Stanley Szpala September 1st, 2010 10:11 PM

how to animate a mask?
 
I need to mask an irregular section that changes both shape and position. Movie Studio doesn't allow making a mask by drawing, but I can make one in Gimp, and import png image.
Now about animation of my mask: I can use track motion for a single mask, but I'm not sure how to do it when my masking image needs to be updated every second or so. The transition won't be smooth.
Any suggestions?

A related question: can the mask be of different size than my video, or this would be a problem? This is important as during animation the masking image becomes smaller than my 1080x1920.

P.s. I know some basic shapes of masks can be entered and animated through track motion, but it's not good enough. I haven't figured out a way of combining these shapes, e.g. half-blocked and a circle (a cookie cutter FX cannot be animated).

Craig Longman September 1st, 2010 11:49 PM

Cookie Cutter shapes certainly can be animated.

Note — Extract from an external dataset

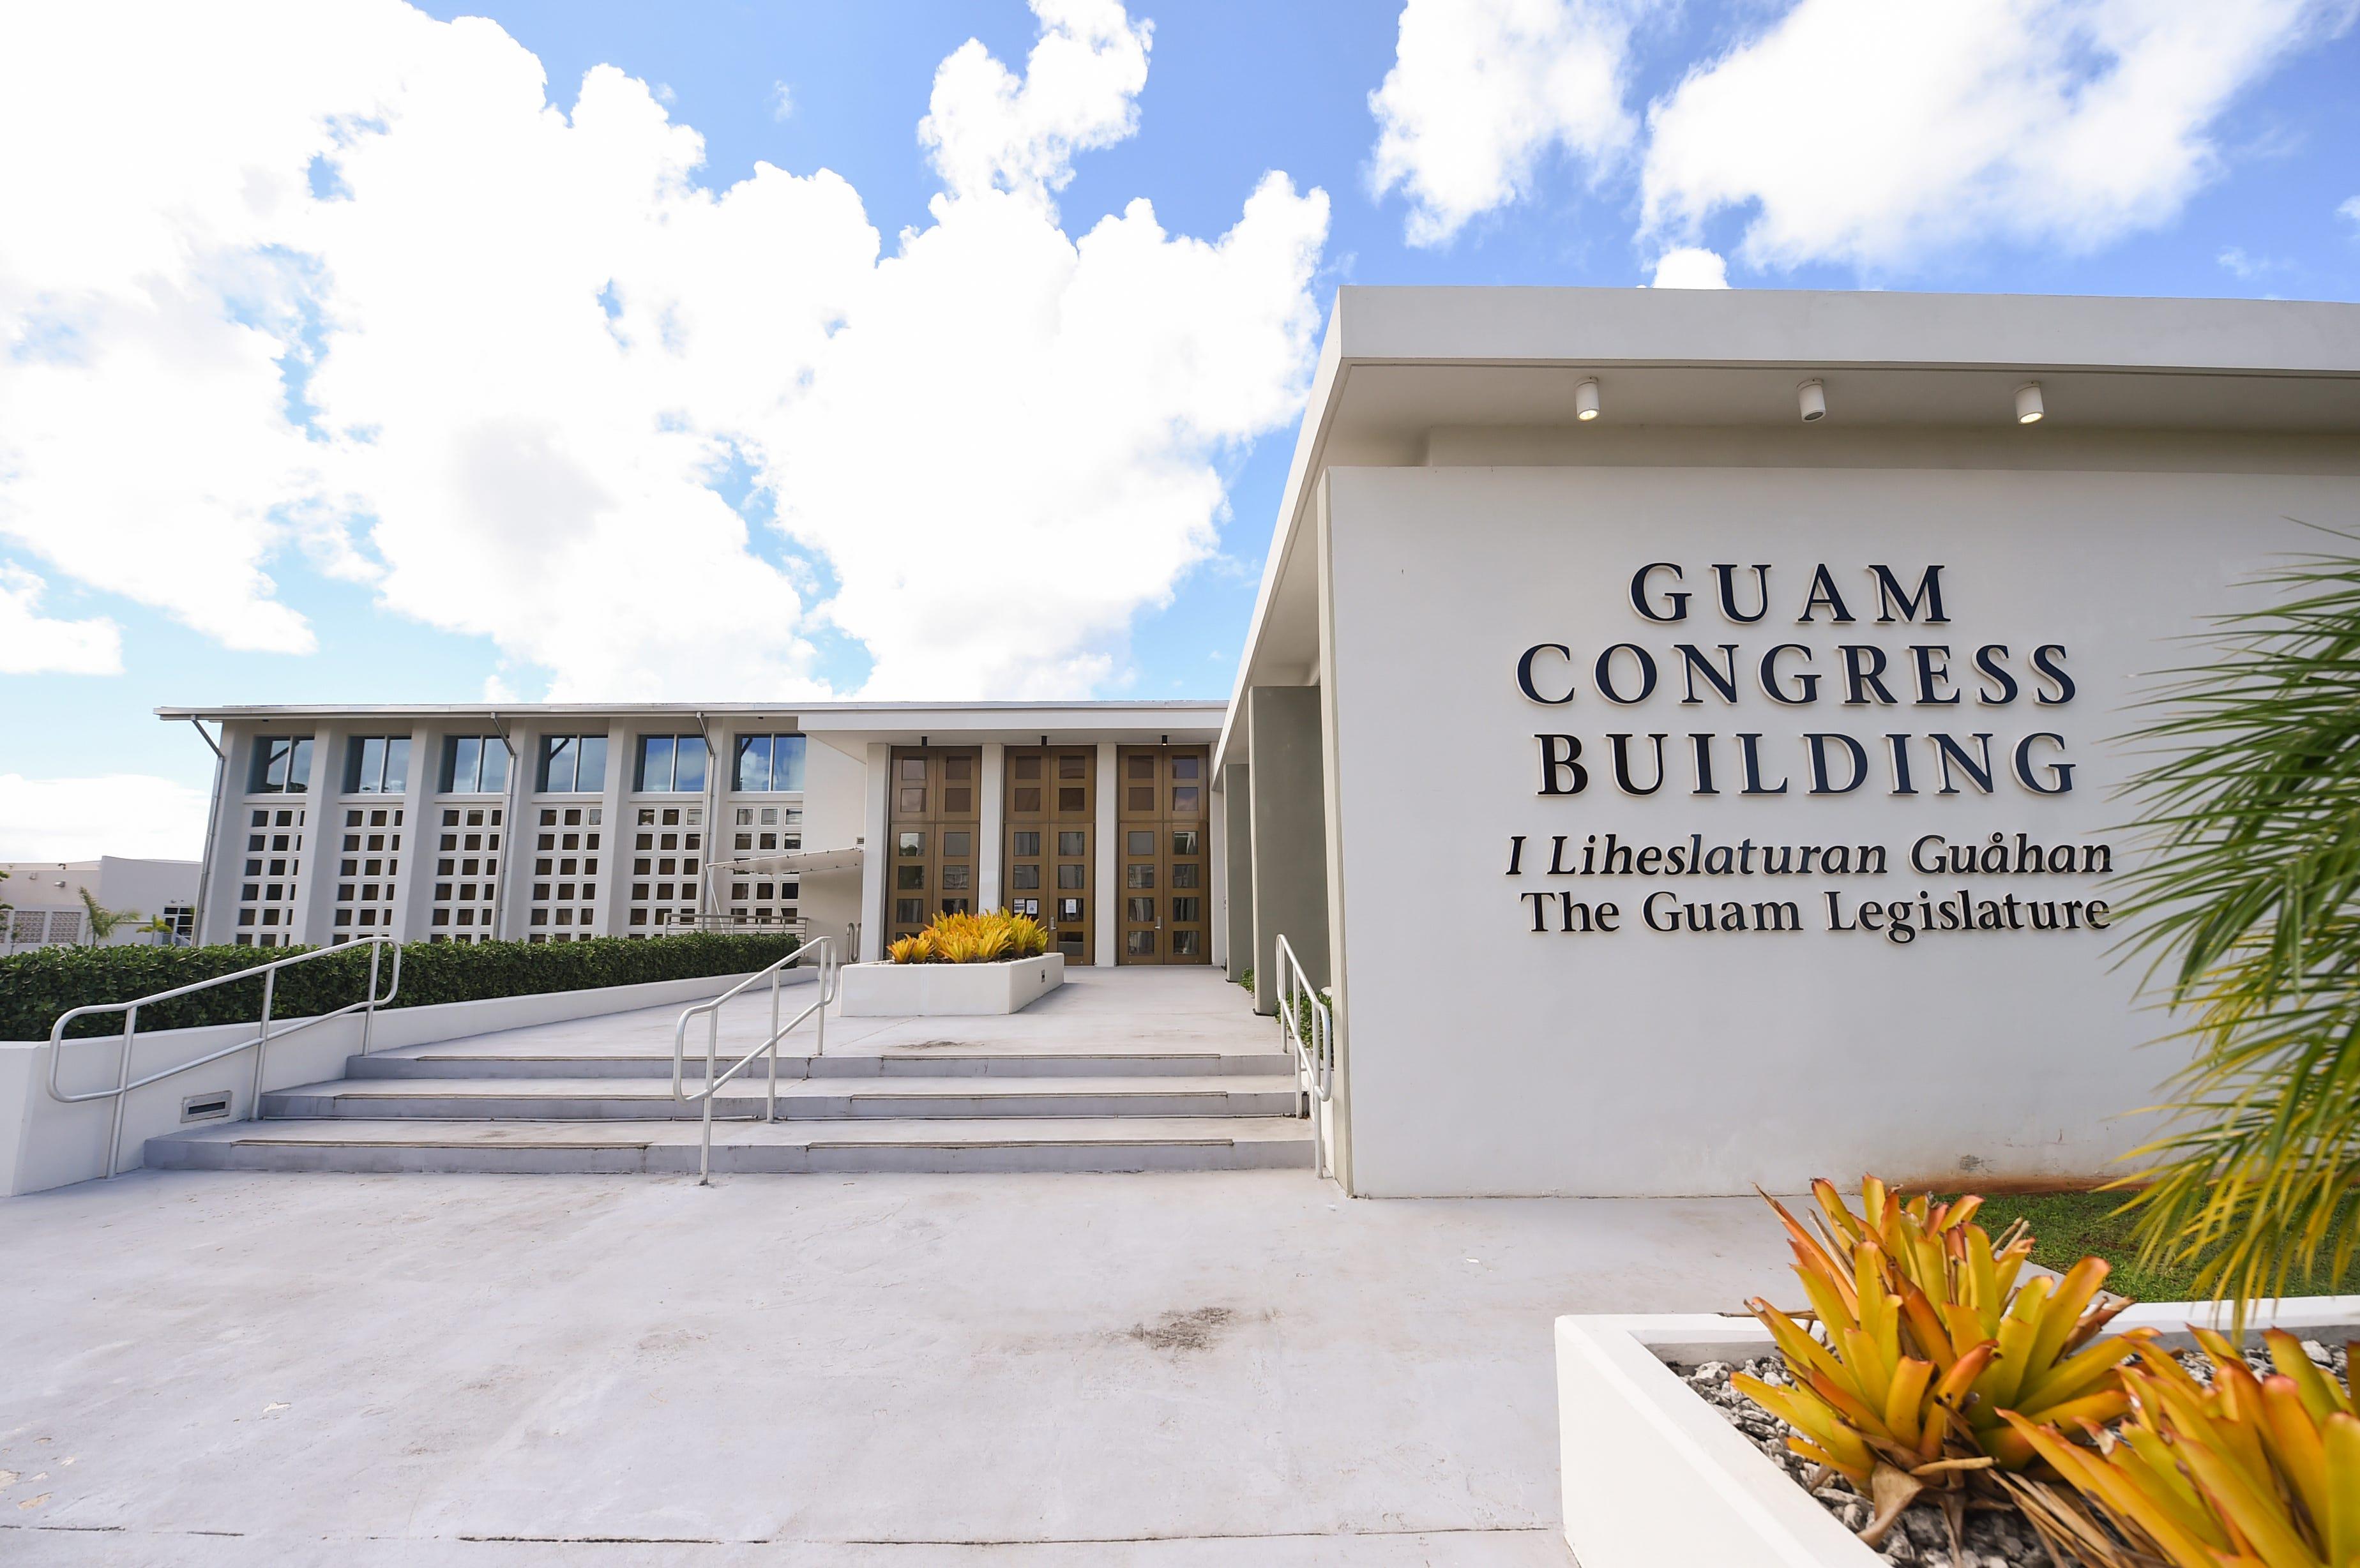 The Guam Congress Building in Hagåtña on July 7, 2020.

Unless I'm misunderstanding you. If you drop a shape on the track, then move 10s in, change the size, position, feather, etc. All those are key-frameable. The shape itself isn't, well... it is, but it simply jumps to the new shape at the key-frame.

As for sizing, if your image is too small, then the missing parts are essentially not there, or totally transparent. So, you might not have trouble there. If you're making a white on alpha mask, white being the bits to keep, then child that mask to the source track, setting its composite mode (not the parent mode, but the mode on the parent track) to multiply will show the parent image where there was white, and everything below as transparent, no matter if the source or mask tracks are smaller or different sizes from the project.

I really think you're in for a whole lot of pain though... manually rotoscoping is painful enough when you have an animateable mask right in front of you to work with, but to try and make it in gimp, then bring it in is probably enough to make you cry. And there really are no other options that I can think of to smooth it out.

You might try cinegobs, I've only played with it, but it does have animateable mattes, as well as many other interesting keying features. It's here:

CineGobs Keyer

I honestly have only played around with it though, but it did look interesting.

Hope this helps.

Stanley Szpala September 2nd, 2010 12:28 AM

thanks, I'm giving the cookie cuter another try. Indeed it can be animated: I was using 'event pan/crop' instead of panning from within 'video event fx'. And it looks like I can do satisfactory masking by linking several 'circles with feathered edges' into a chain.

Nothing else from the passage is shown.